Bodies are optional, deduped, and fast enough to be practical
I wanted it to be useful for quick questions without hauling giant blobs around. By default, harlite imports metadata only. When you do need bodies, you can opt in with flags and limit size. It also deduplicates bodies by BLAKE3 hash, so a repeated JS bundle is stored once even if it appears across dozens of entries.
There are a few modes depending on how heavy you want to go:
- Store text bodies under a size threshold for fast analysis.
- Decompress gzip or br on import so you can search decoded content.
- Extract bodies to disk so the database stays slim, while keeping hash references.
SQLite FTS5 is wired in when bodies are present, so you can do text searches across responses without inventing another index.
The schema makes the common questions simple
Entries track the things you usually care about: method, URL, host, status, timings, headers, and body hashes. Headers are stored as JSON so you can filter with SQLite JSON functions. That means you can slice by host, status, or path quickly, and then use JSON queries when you need the weird edge case.

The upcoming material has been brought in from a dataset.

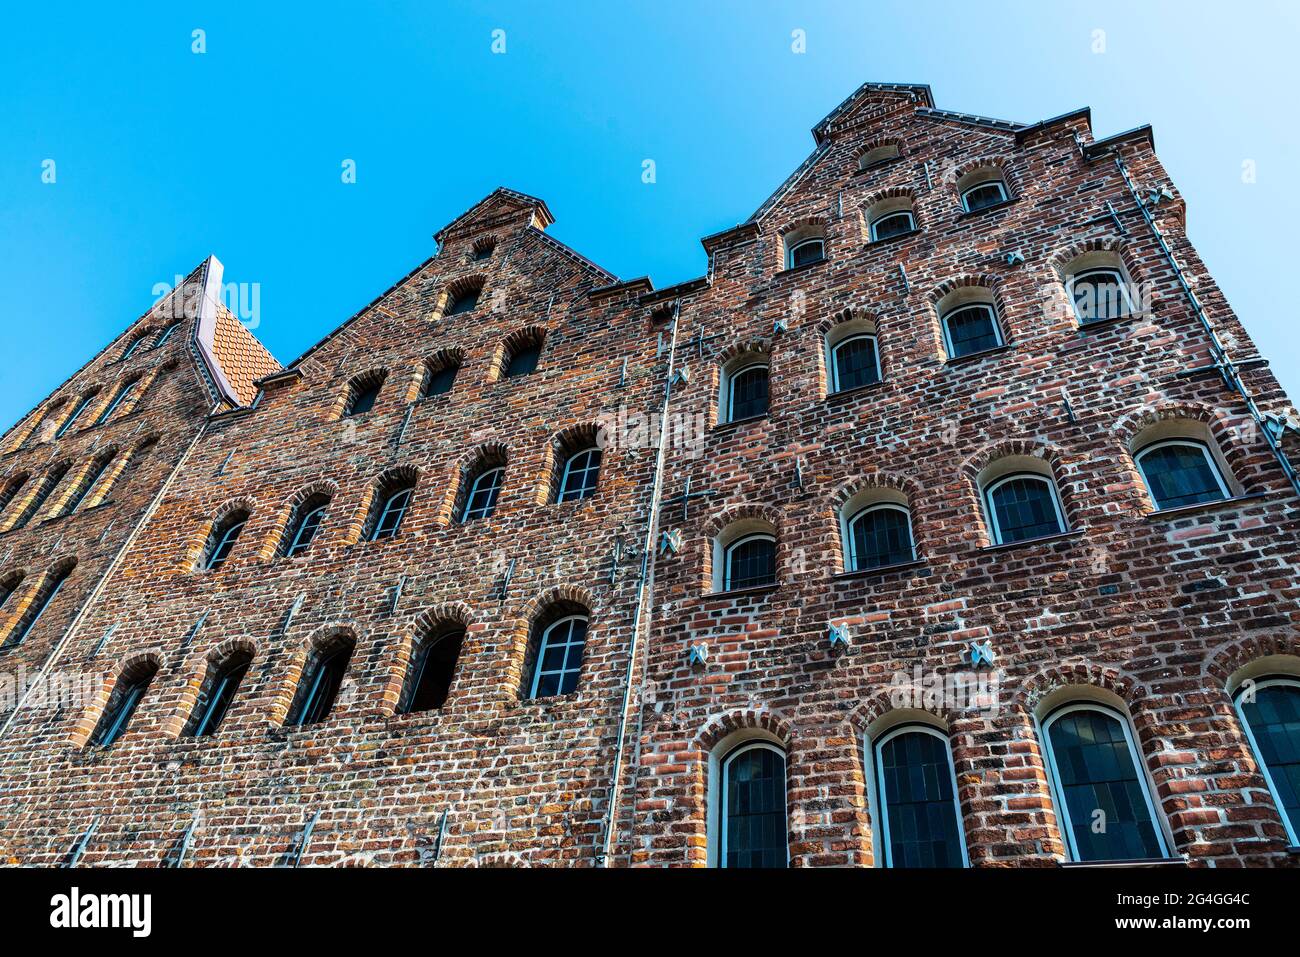 Facade of the medieval salt warehouses or Salzspeicher next to Holsten Gate or Holstentor in Lübeck, Germany Stock Photo

Here is the kind of query I run constantly:
SELECT method, url, status, time_ms
FROM entries
WHERE time_ms > 1000
ORDER BY time_ms DESC;
Or when I am digging through APIs:
SELECT method, host, path, status
FROM entries
WHERE path LIKE '%/api/%'
ORDER BY started_at;
Harlite fits naturally into AI agent workflows
Agents already speak SQL. So when I want an assistant to help me triage a HAR, I can say, query this database for all POSTs with a 400+, or find the biggest responses from a specific host. That is a small difference that saves real time and avoids explaining bespoke filters over and over.
Example use cases that feel real
I built harlite because I kept needing the same answers:
- Identify slow or failing endpoints after a refactor.
- Extract all JSON responses from a specific API domain.
- Compare traffic across multiple HAR captures in one database.
- Spot redundant requests by finding duplicate response hashes.
- Hand a compact database to a teammate or agent for fast analysis.
If any of that sounds familiar, harlite is probably worth a look.
Getting it running today
It is open source, MIT licensed, and available on crates.io. Install with cargo, or build from source if you want to hack. The README calls out a current requirement of Rust 1.85 because of edition 2024 dependencies, so assume stable and up to date.